Neue Niedernburger Turnhalle in Betrieb - Offizielle Einweihung am Montag

Oberhaus fünf. An dieser Adresse wird seit Montag offiziell geschwitzt und gedehnt, gespielt und gesportelt. Die Gisela-Schulen Passau-Niedernburg haben ihre neue Zweifachturnhalle in Betrieb genommen, kommenden Montag folgt die offizielle Einweihungsfeier mit kirchlicher Weihe. Damit gehen drei aufreibende Jahre ohne eigene Sportstätte zu Ende. Die alte Turnhalle (am Römerplatz, nahe der Hängebrücke) war 2013 dem Hochwasser zum Opfer gefallen.

Wegen zu hoher Sporenbelastung wurde sie geschlossen, die rund 1000 Schülerinnen des Gisela-Gymnasiums und der Gisela-Realschule Niedernburg mussten mit dem Bus zum Sport gefahren werden – nach Salzweg oder Hutthurm etwa. Nur das benachbarte Leopoldinum war fußläufig zu Sportzwecken zu erreichen.

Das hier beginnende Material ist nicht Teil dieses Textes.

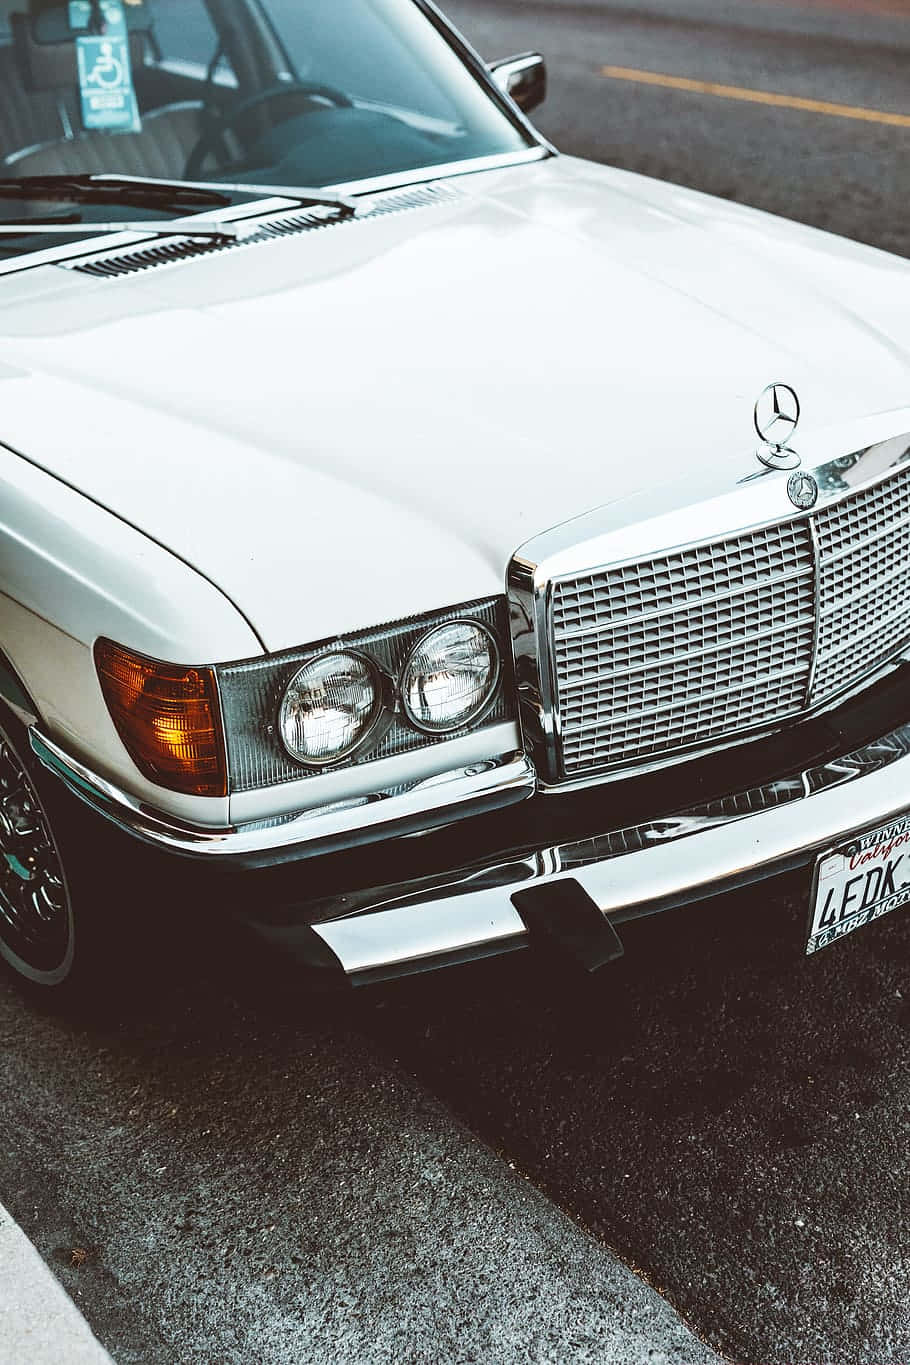 Mercedes White Vintage Classic Iphone Wallpaper

Zwar müssen die Schülerinnen auch künftig mit dem Bus zum Sportunterricht – auf den Oberhausberg, auf das Gelände hinter dem Haus der Jugend – gefahren werden, doch die Zeiten ständig wechselnder, fremder Sportstätten mit teils langen Anfahrtswegen sind nun vorbei. Die Niedernburger haben wieder etwas „Eigenes“. Darüber ist auch Direktor Rudolf Nerl „heilfroh“ – die drei zurück liegenden Jahre seien lang und anstrengend gewesen. Im September 2014 hatte man begonnen, eine neue Halle zu planen, seit Mitte August 2015 wird gebaut und im Oktober 2015 war offizielle Grundsteinlegung. Ein Jahr später ist das rund 6,1 Millionen Euro teure und 300000 Euro billiger als gedachte Bauprojekt nun also fertig. Hinter dem Haus der Jugend hat man zusammen mit der Diözese Passau auf dem Oberhausberg eine moderne, teilbare Sportstätte errichtet, die sich durch ein in den Georgsberg abgesenktes Hallenniveau und eine pavillonartige Bauweise auszeichnet.

Sportlehrerin und stellvertretende Schulleiterin Ursula Mairinger hat die neue Halle schon genutzt und ist „ebenso wie die Schülerinnen“ begeistert – vor allem von der neuen, modernen, sanitären wie technischen Ausstattung, den warmen Farben an den Wänden und den Glasfronten. Das Pendeln zur Sportstätte, primär während der Pausen, funktioniere sehr gut. Das sei aber auch kein Wunder: „Schließlich sind unsere Schülerinnen seit drei Jahren darin Spezialistinnen."